··· RECORDS SUPPLIED ···

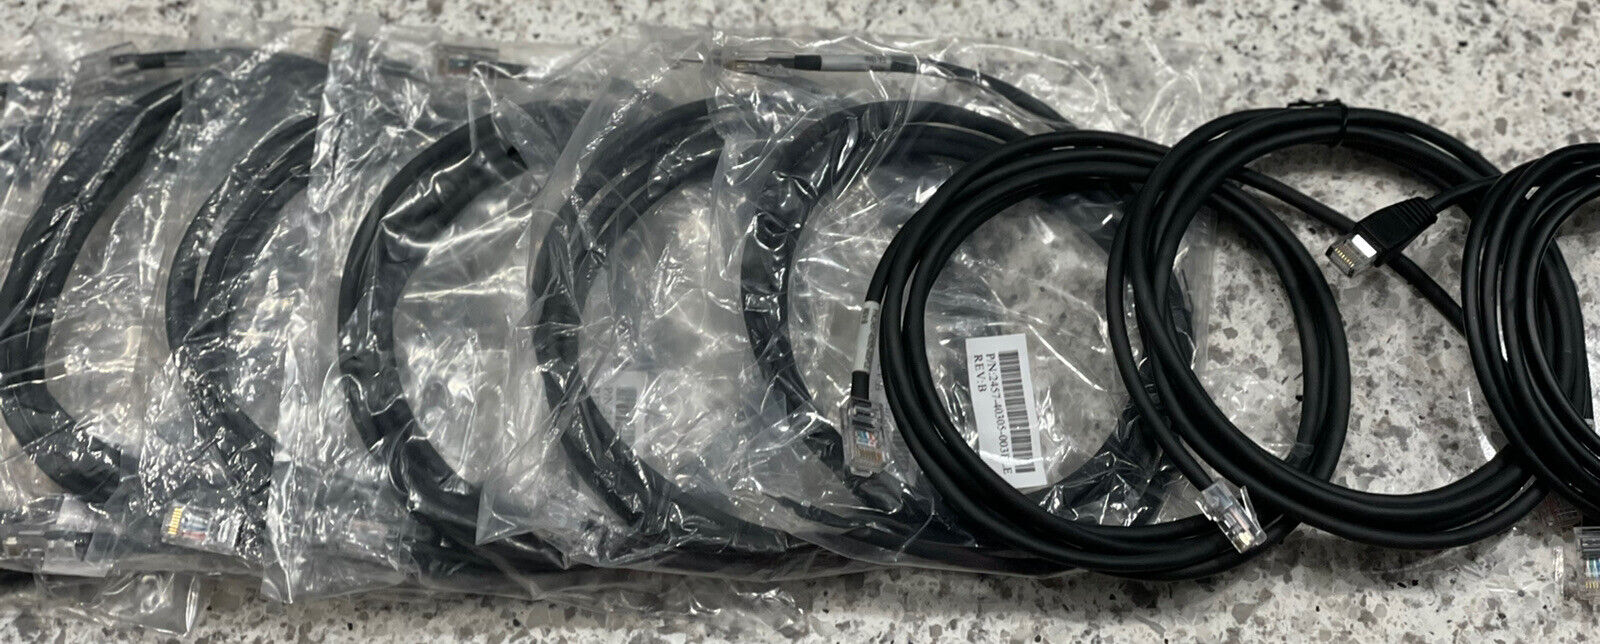 Lot of 9 Polycom 2457-40305-003PLE 8FT CAT5e Cable
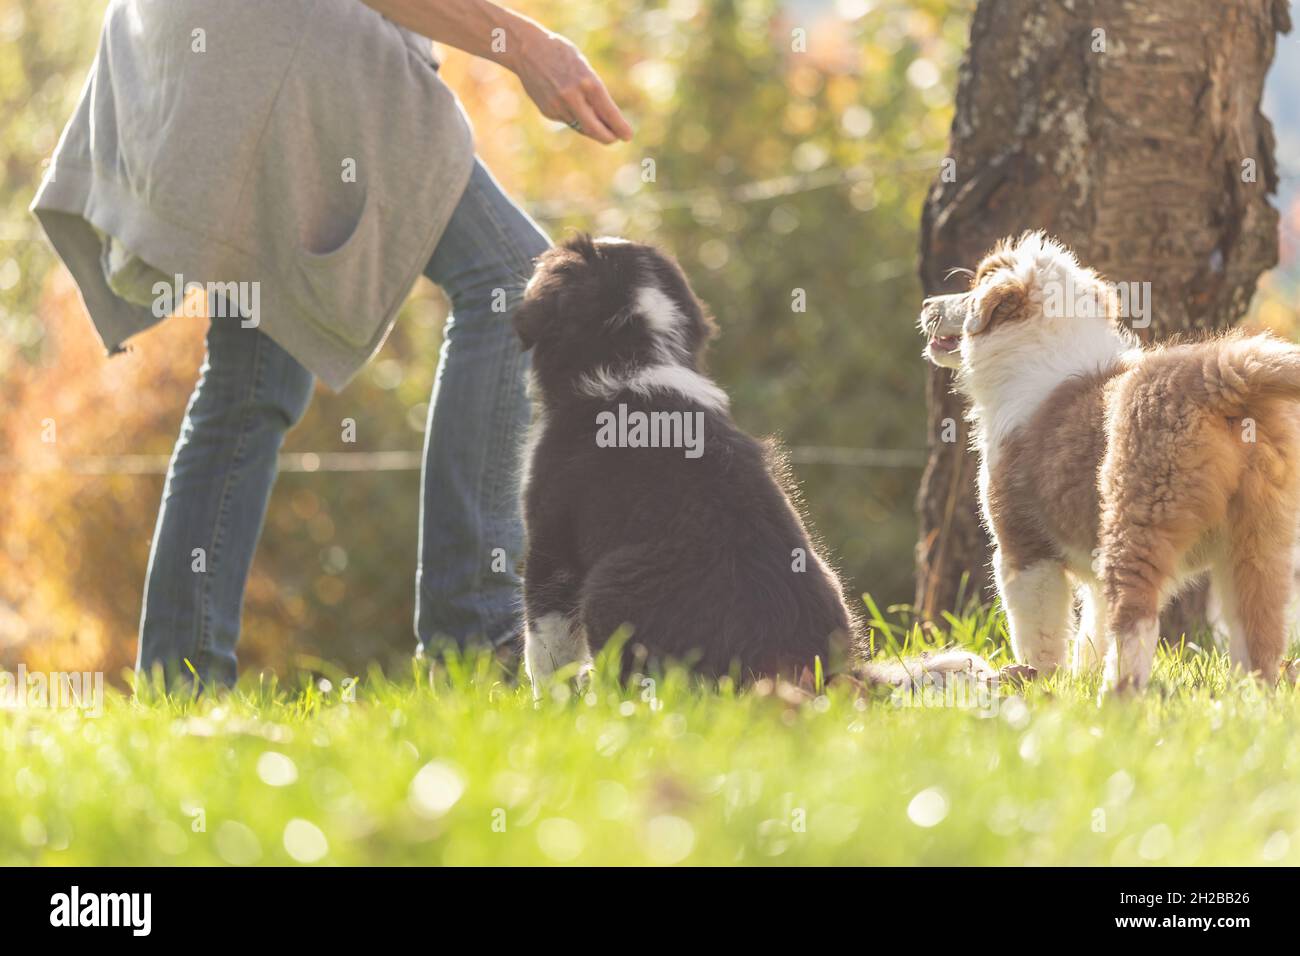 Eine Hundeführerin gibt liebevoll erste Lektionen im Gehorsam gegenüber niedlichen australischen Schäferhunden Stockfoto
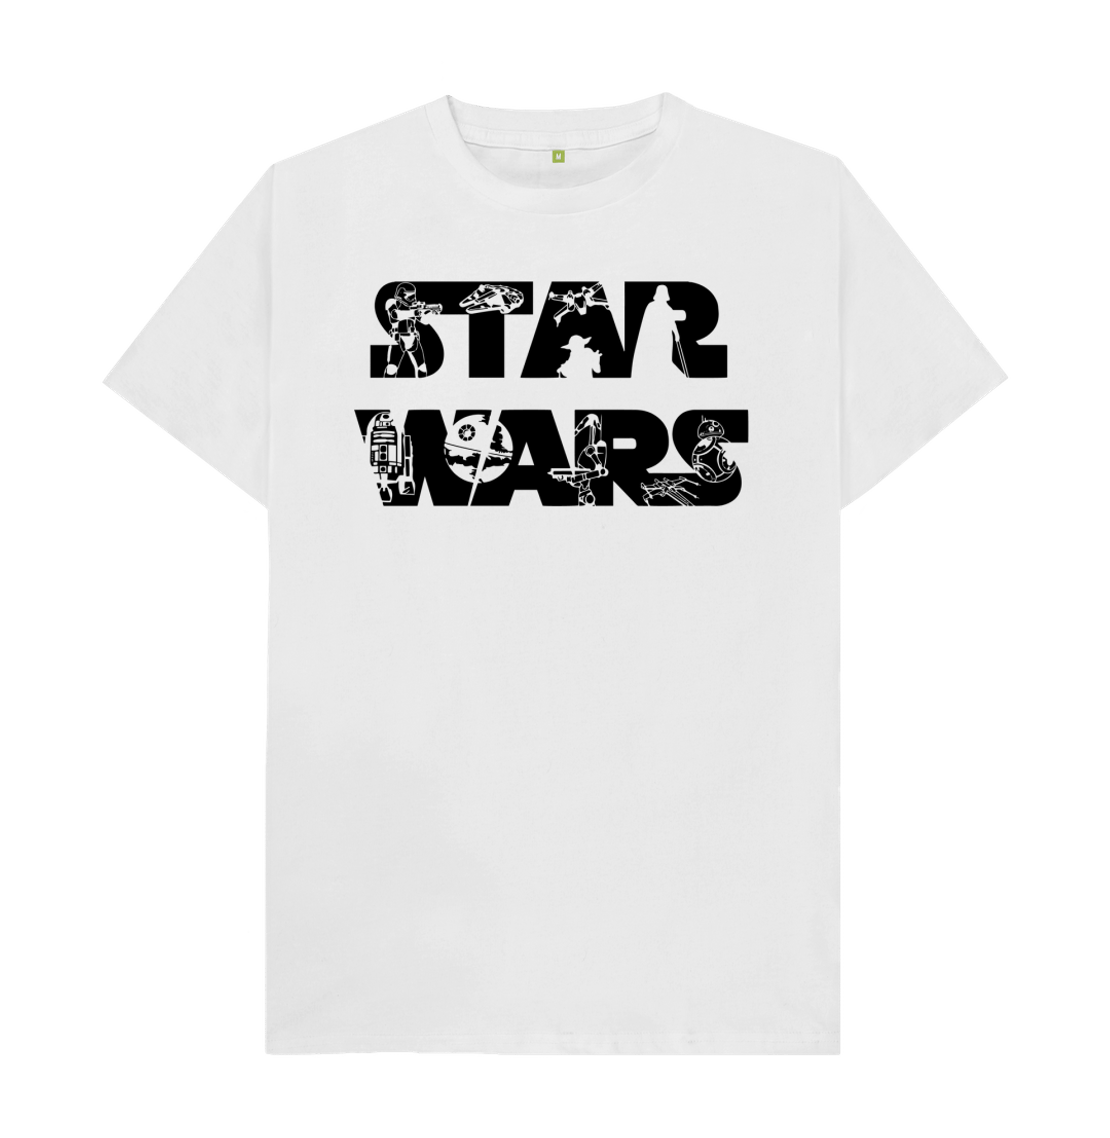 Star Wars T-Shirts and Hoodies - Shop Modern and Contemporary Apparel at  Masihandmasih
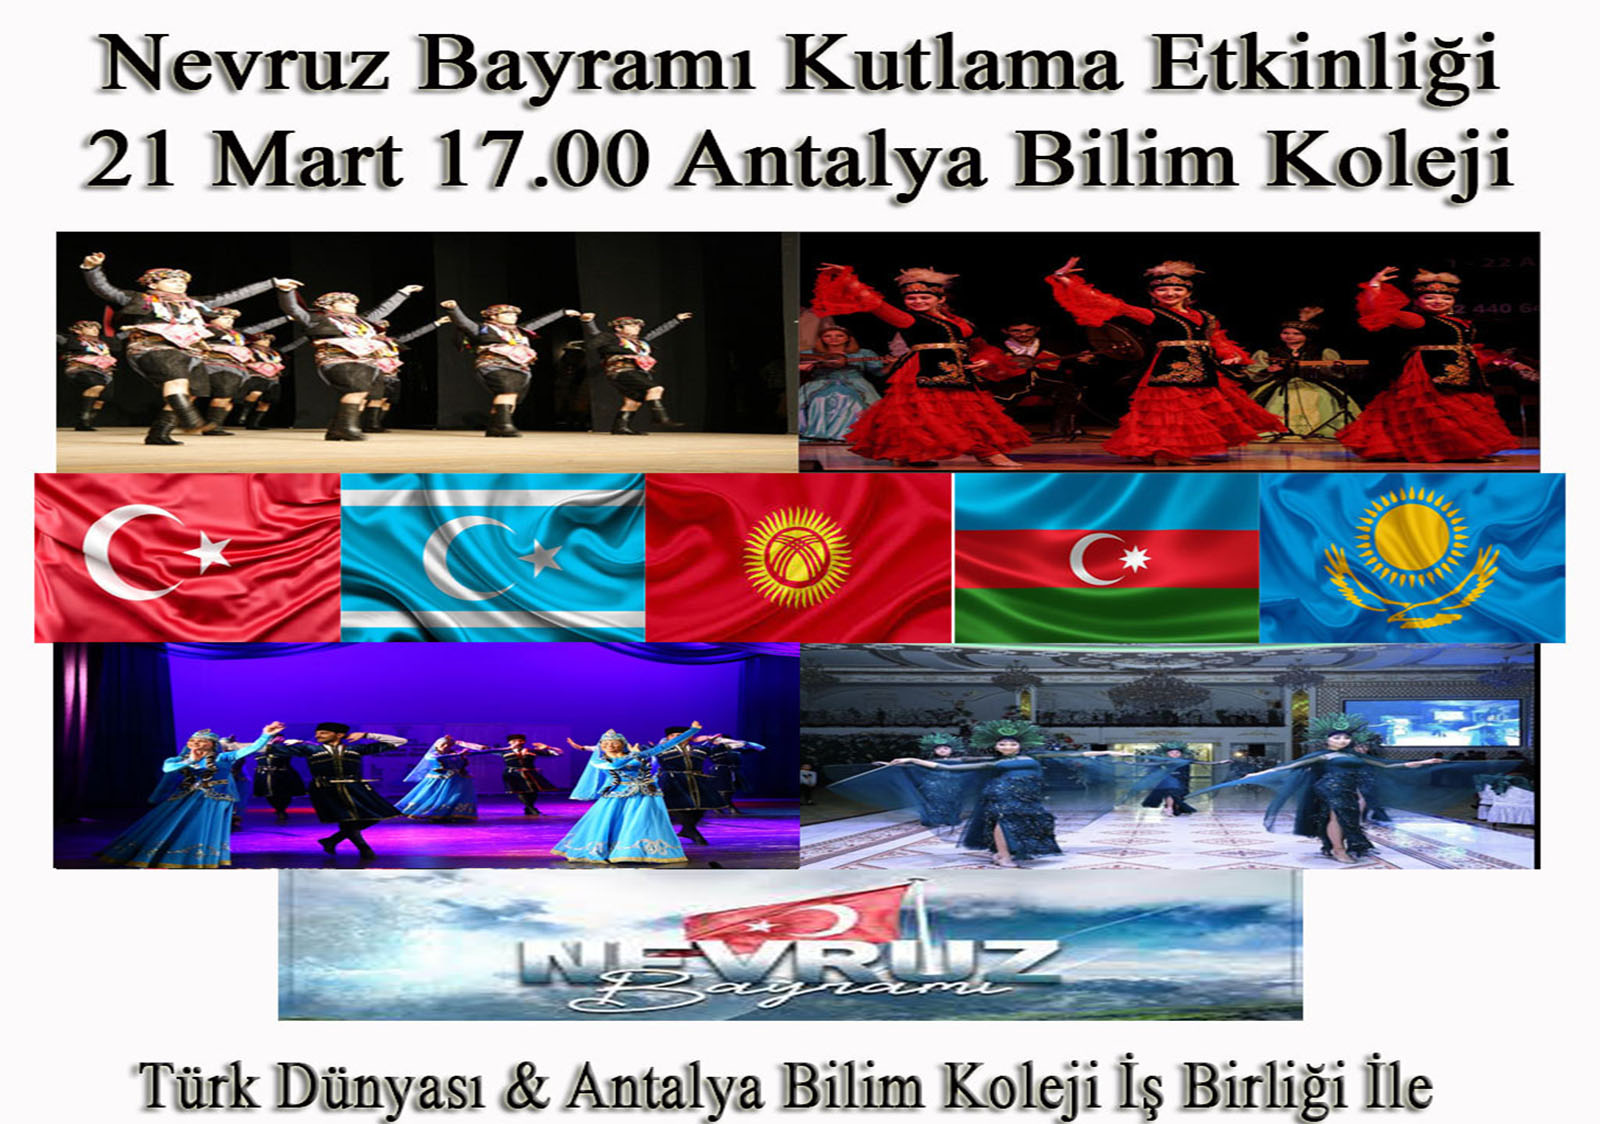 Nevruz Bayramını Türk Dünyası ile Kutluyoruz
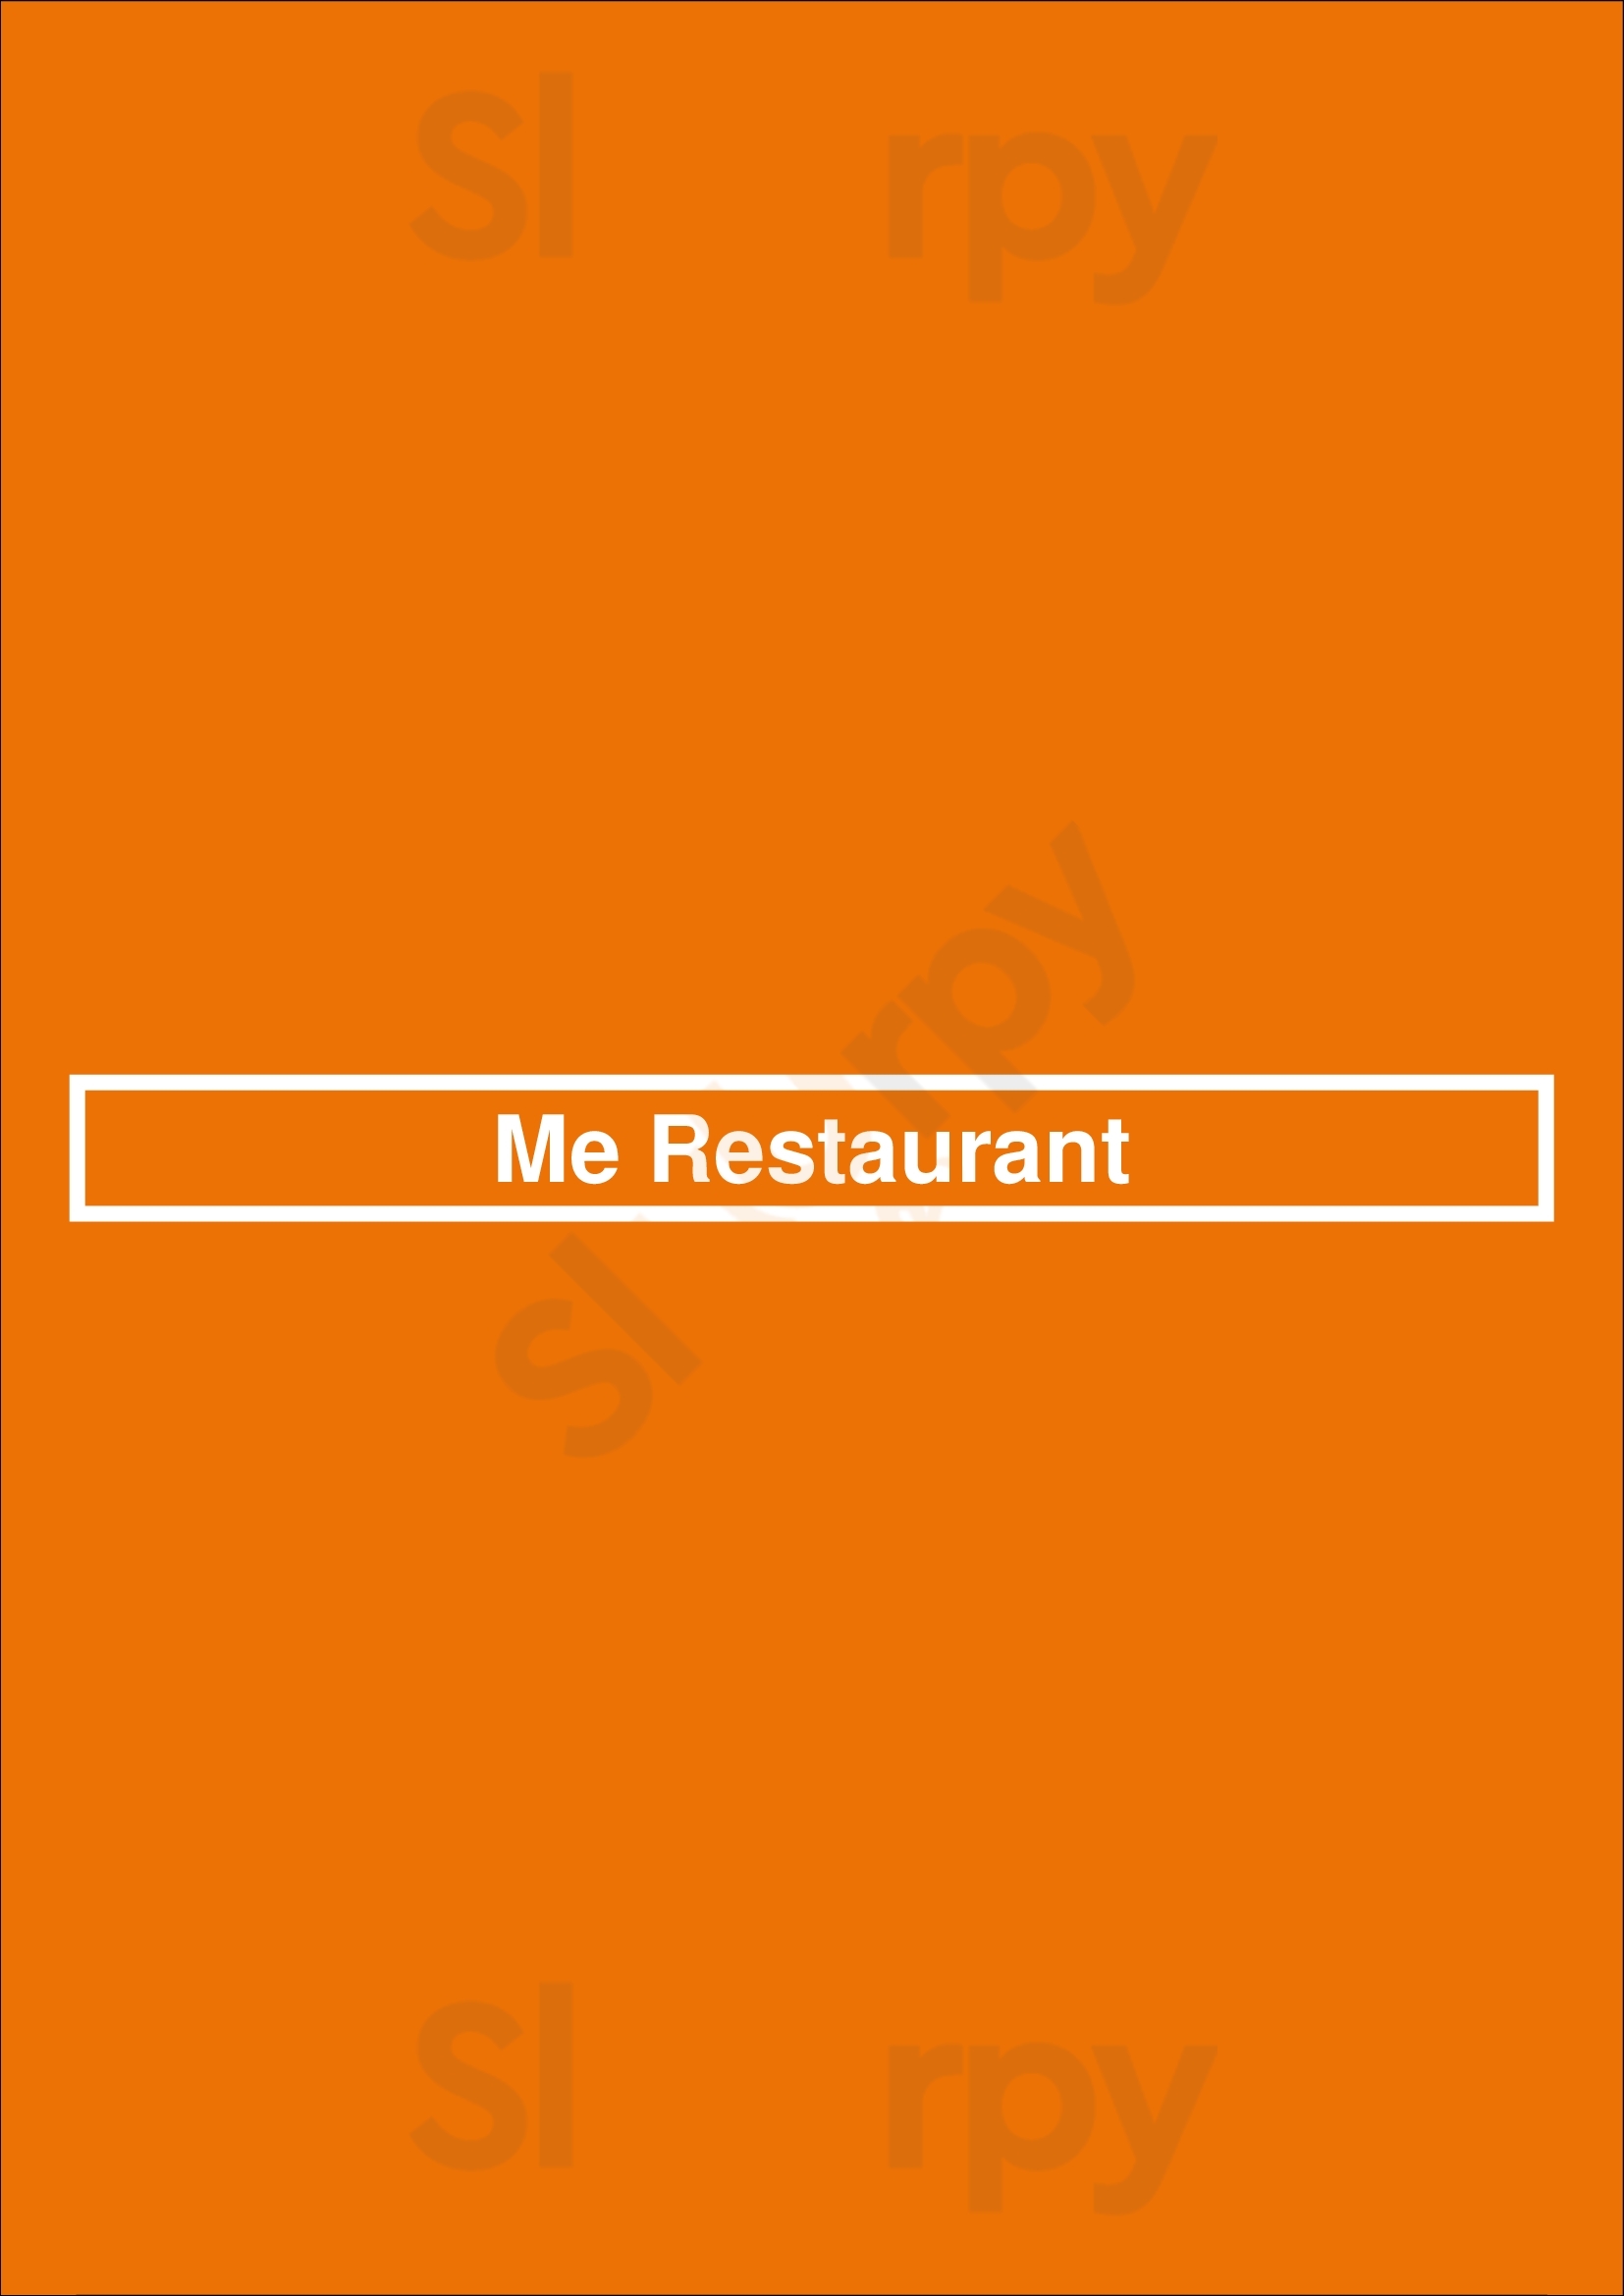 Me Restaurant Berlin Menu - 1

···

HOW TO COMPLETE THIS TASK: Everything from the line that contains "Star Wars T-Shirts" through the final line of the material should be returned exactly, except the pictures.

RESPONSE AREA:
 Star Wars T-Shirts and Hoodies - Shop Modern and Contemporary Apparel at  Masihandmasih
 Nevruz Bayramını Türk Dünyası ile Kutluyoruz
 Me Restaurant Berlin Menu - 1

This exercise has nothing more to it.